- Task instructions:
Retype the whole listing verbatim and keep the pictures out of it.

- Data:
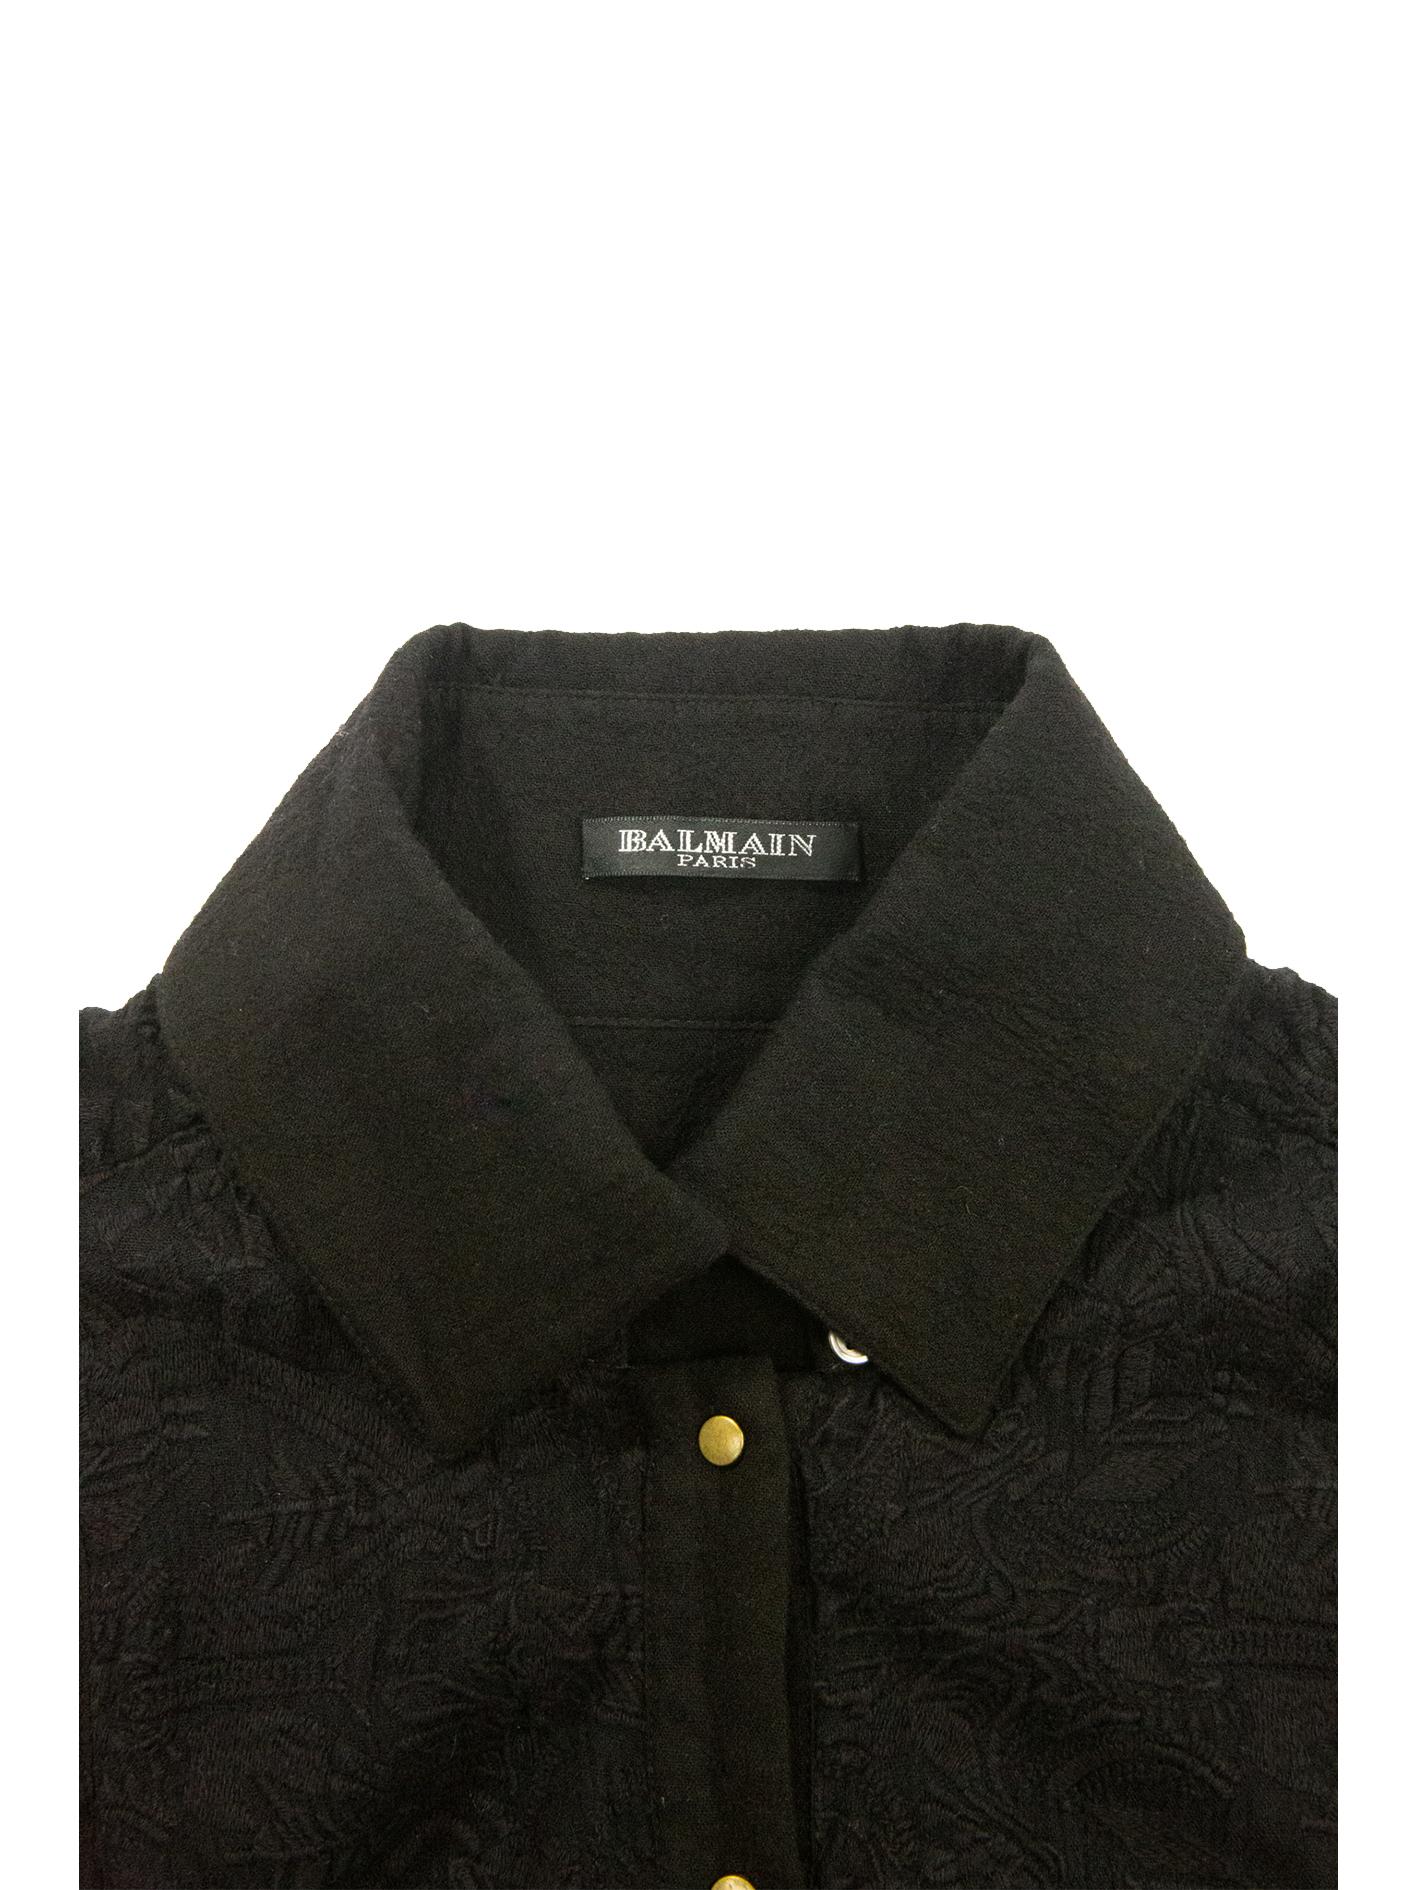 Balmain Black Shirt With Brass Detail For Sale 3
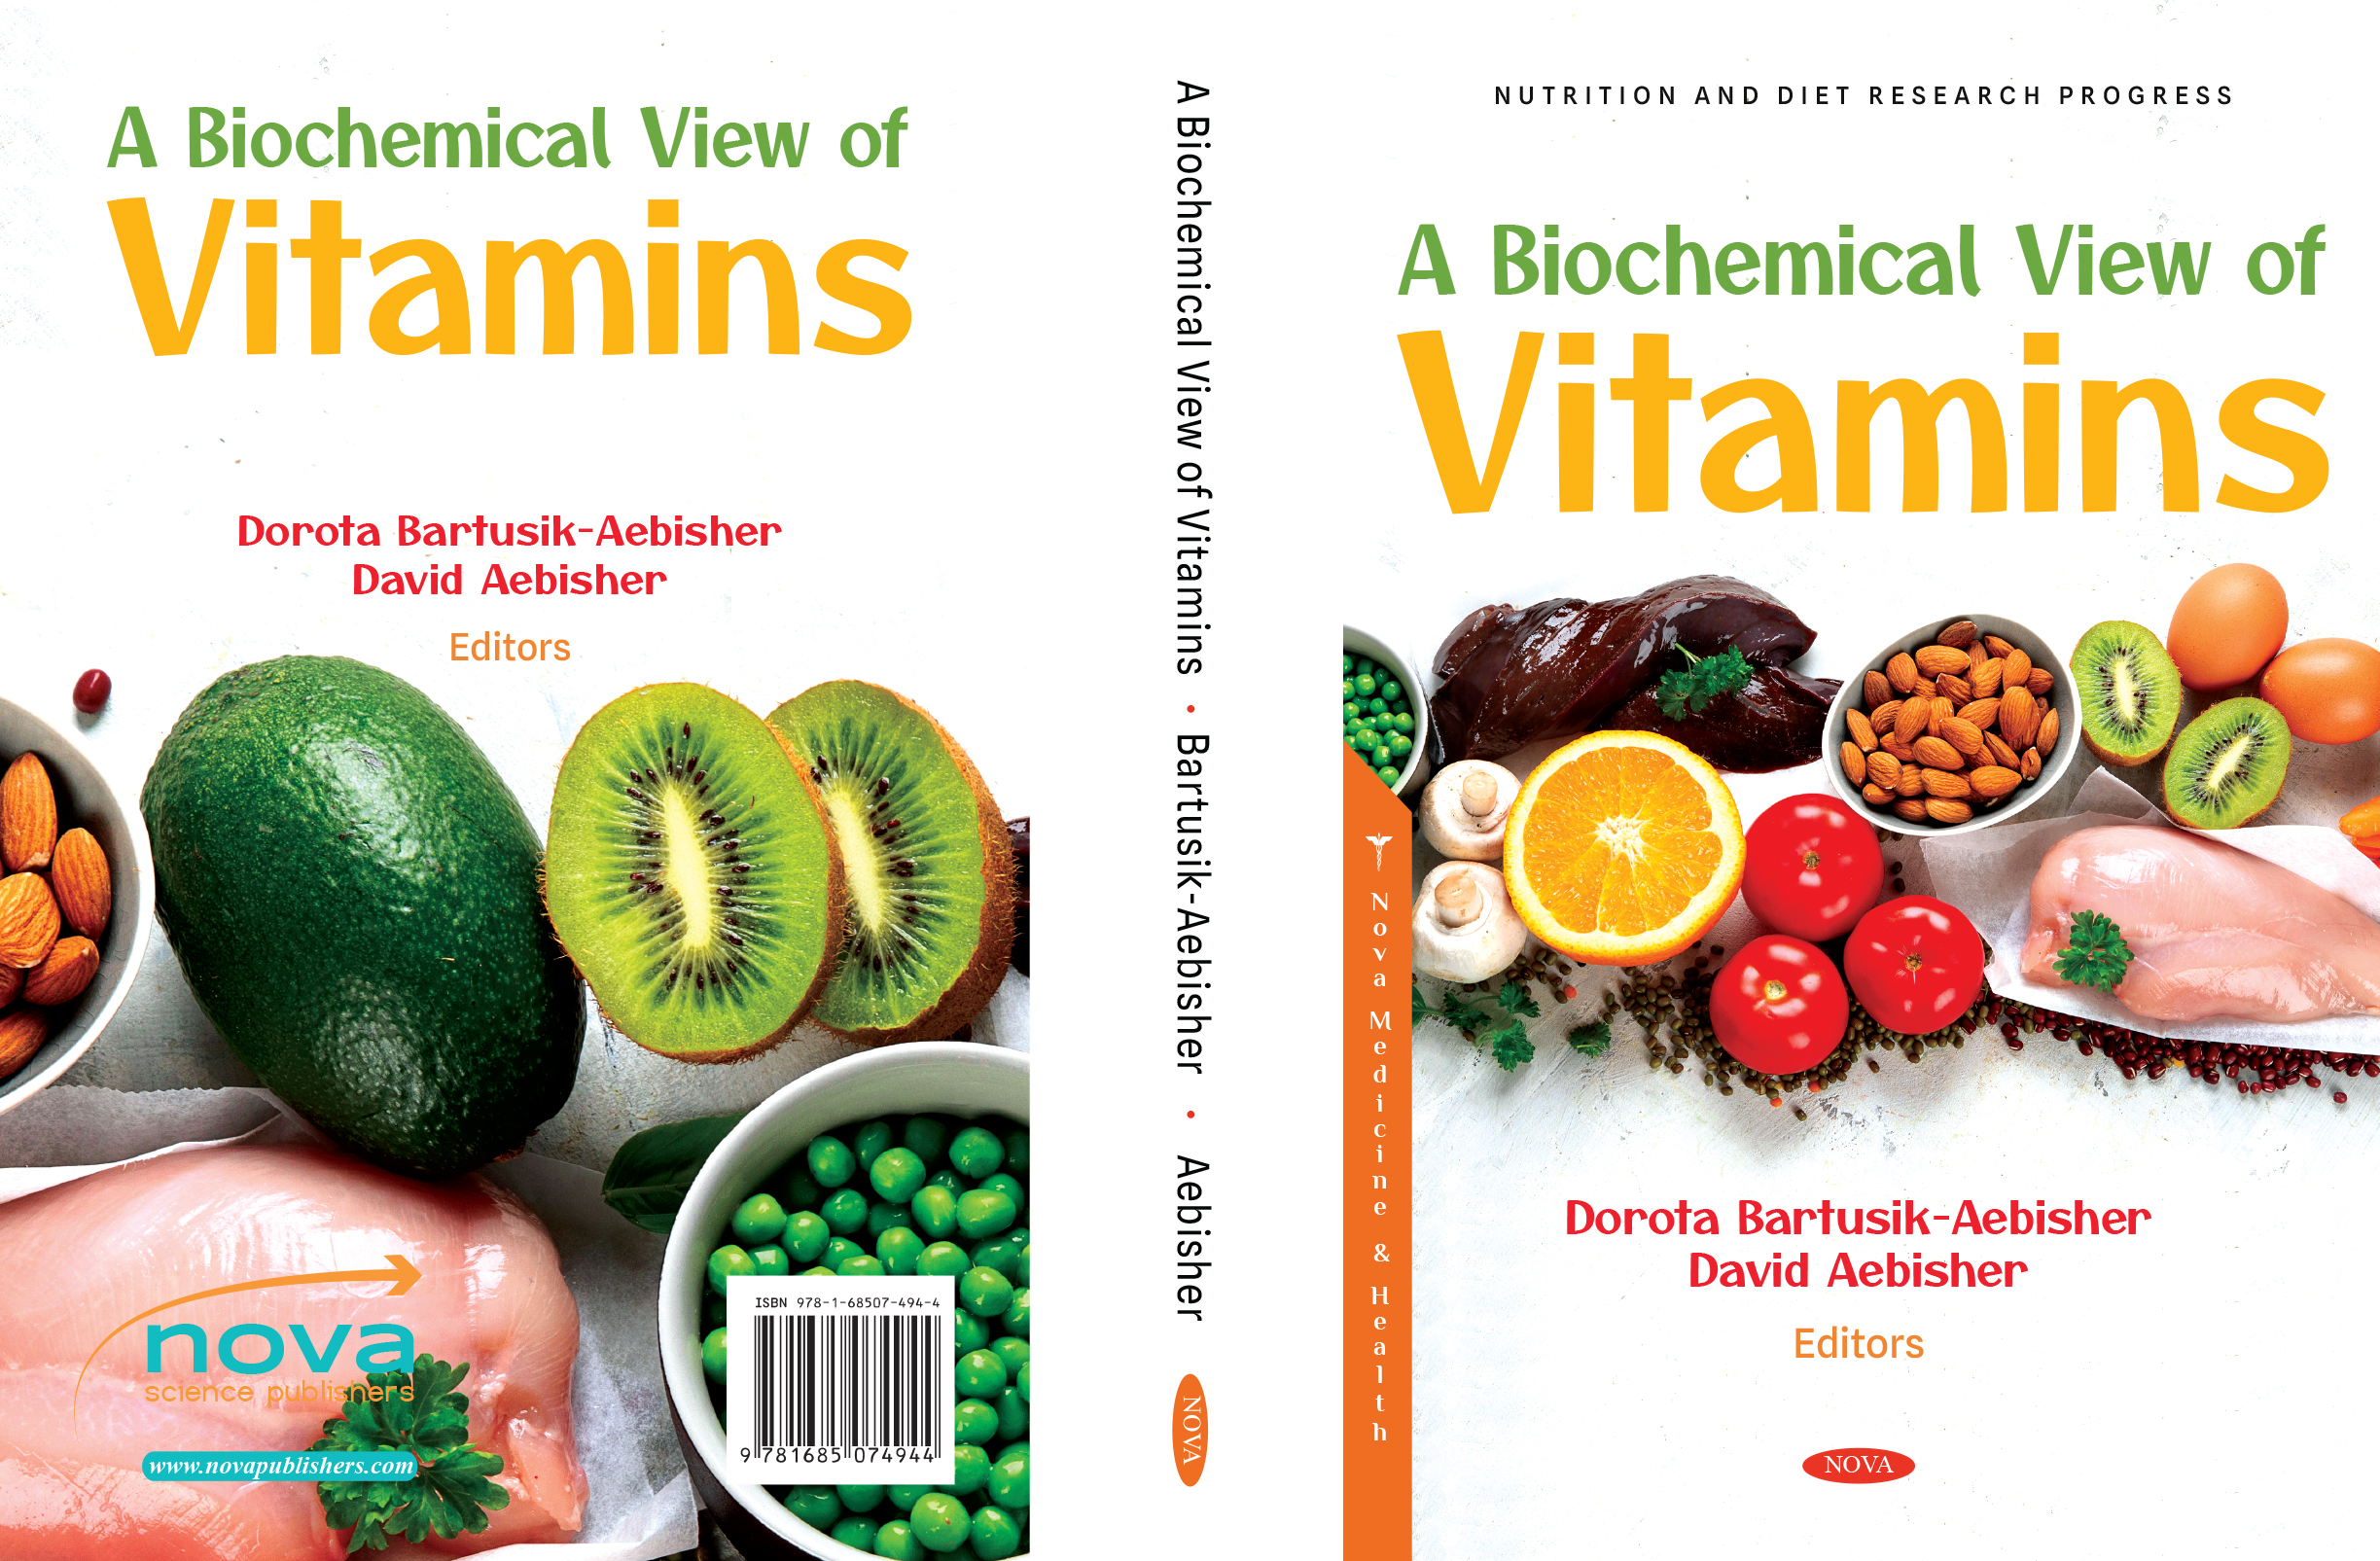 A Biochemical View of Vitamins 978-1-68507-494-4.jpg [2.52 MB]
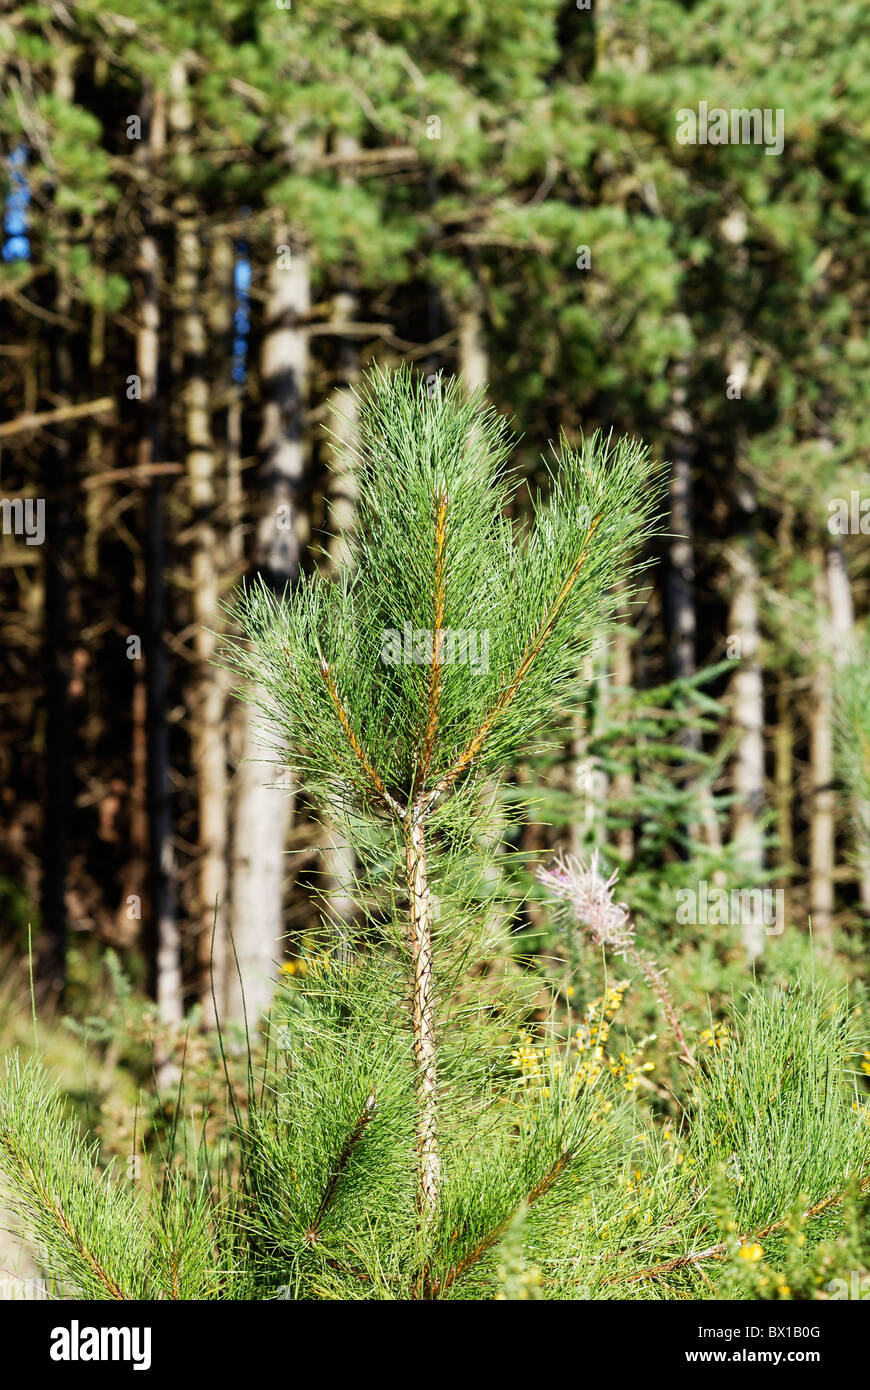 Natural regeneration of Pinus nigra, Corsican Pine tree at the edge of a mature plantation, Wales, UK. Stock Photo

- Exercise response:
 Balmain Black Shirt With Brass Detail For Sale 3
 A Biochemical View of Vitamins 978-1-68507-494-4.jpg [2.52 MB]
 Natural regeneration of Pinus nigra, Corsican Pine tree at the edge of a mature plantation, Wales, UK. Stock Photo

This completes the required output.